**WHAT IS NEEDED:** The answer must repeat every record exactly, with no pictures in it.

◇ ◇ ◇ ◇ ◇

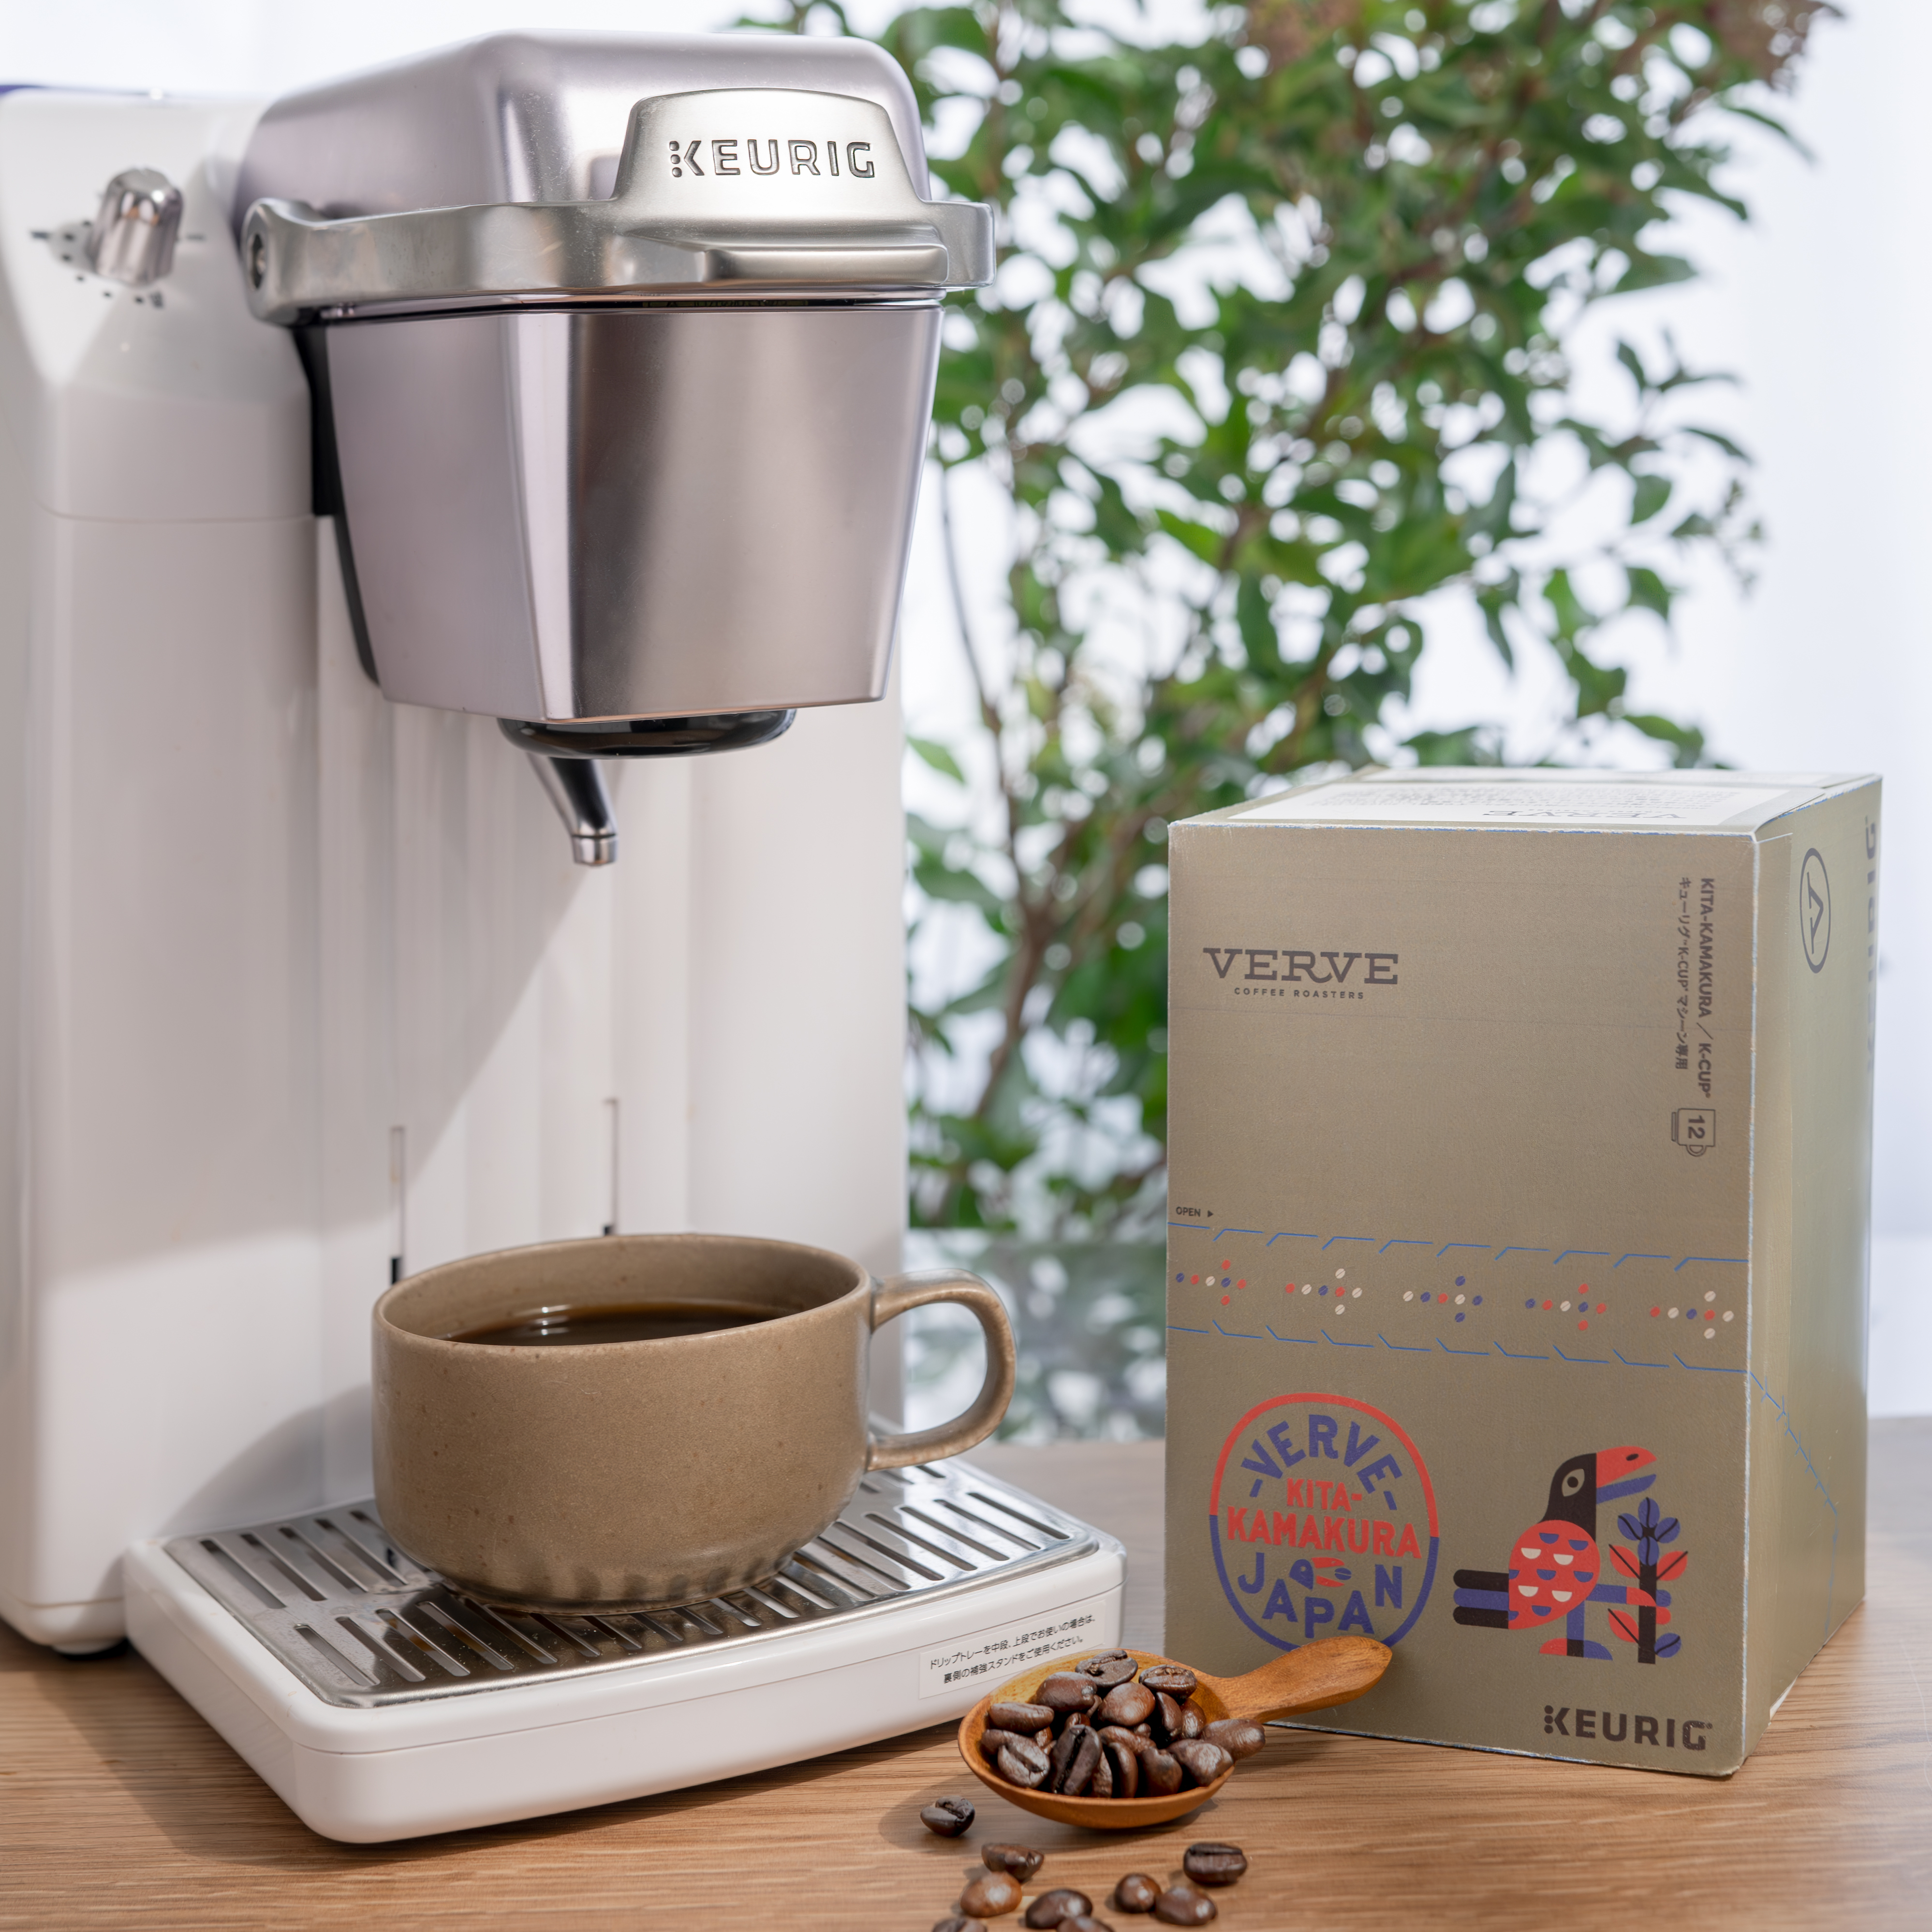 【新商品】カリフォルニア発のスペシャルティコーヒーブランド「VERVE COFFEE ROASTERS」から新商品が発売
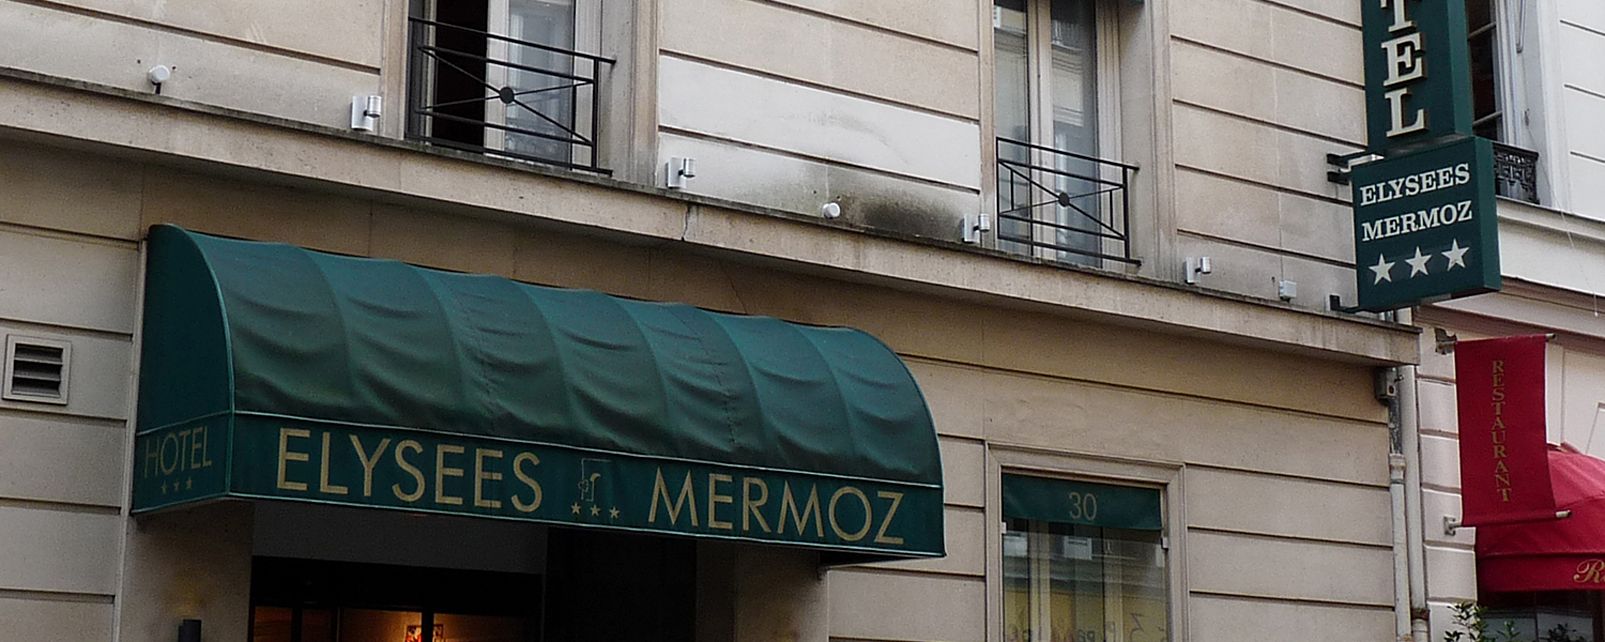 Hotel Elysées Mermoz
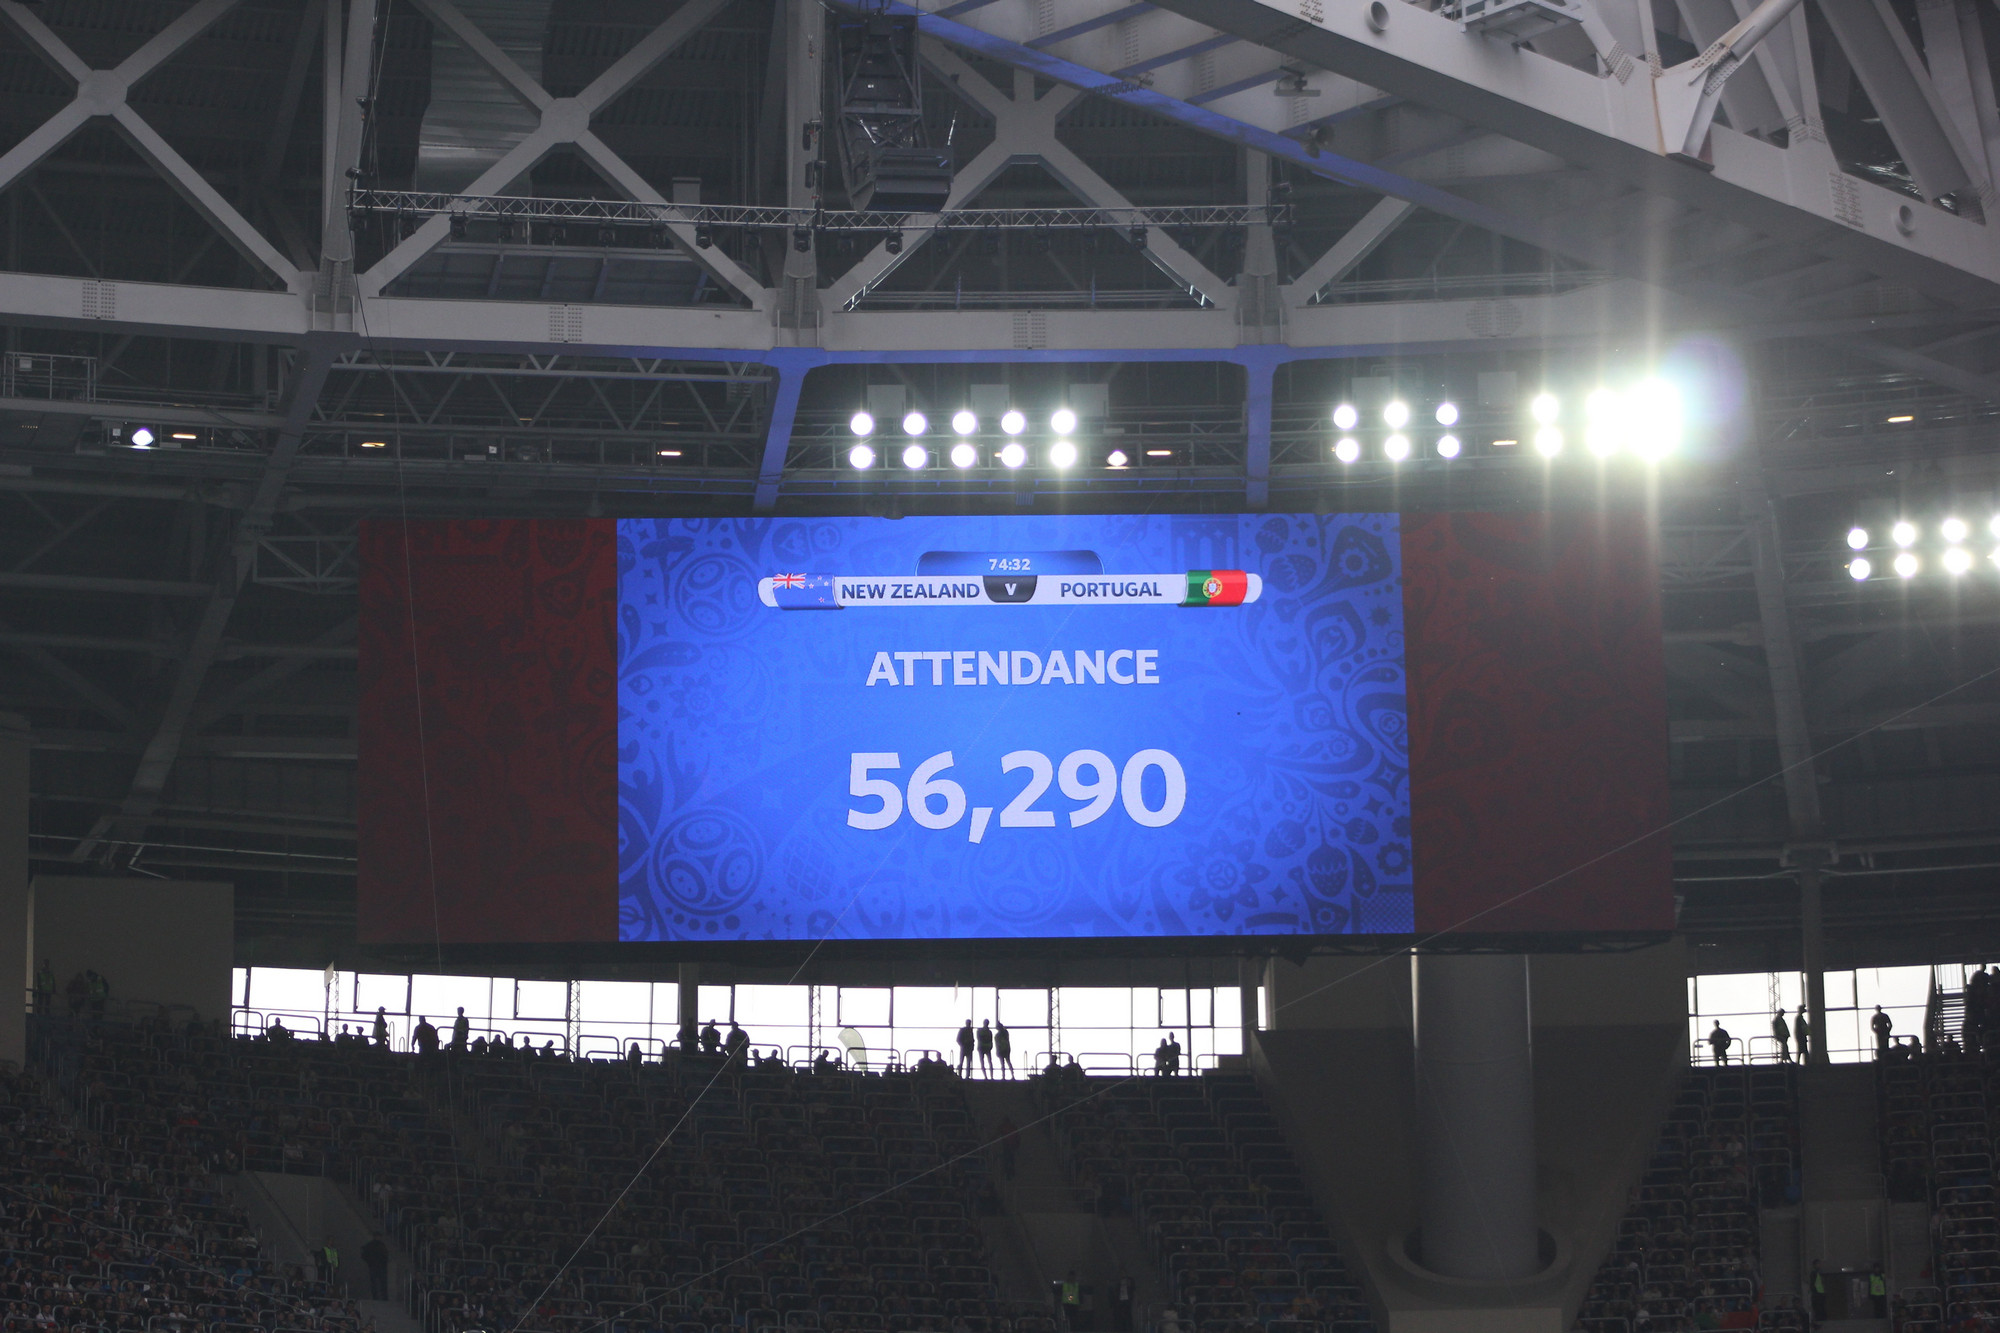 Матч:  Новая Зеландия &mdash; Португалия

Стадион:  &laquo;Санкт-Петербург Арена&raquo;

Посещаемость: 56&nbsp;290

Вместимость:  57&nbsp;268

На групповом этапе матч между Новой Зеландией и Португалией стал самым посещаемым &mdash; посмотреть на Криштиану Роналду пришли более полусотни тысяч зрителей. До аншлага этот матч не&nbsp;дотянул совсем немного

◇ ◇ ◇ ◇ ◇

**EXERCISE SOLUTION:**
 【新商品】カリフォルニア発のスペシャルティコーヒーブランド「VERVE COFFEE ROASTERS」から新商品が発売
 Hotel Elysées Mermoz
 Матч:  Новая Зеландия &mdash; Португалия

Стадион:  &laquo;Санкт-Петербург Арена&raquo;

Посещаемость: 56&nbsp;290

Вместимость:  57&nbsp;268

На групповом этапе матч между Новой Зеландией и Португалией стал самым посещаемым &mdash; посмотреть на Криштиану Роналду пришли более полусотни тысяч зрителей. До аншлага этот матч не&nbsp;дотянул совсем немного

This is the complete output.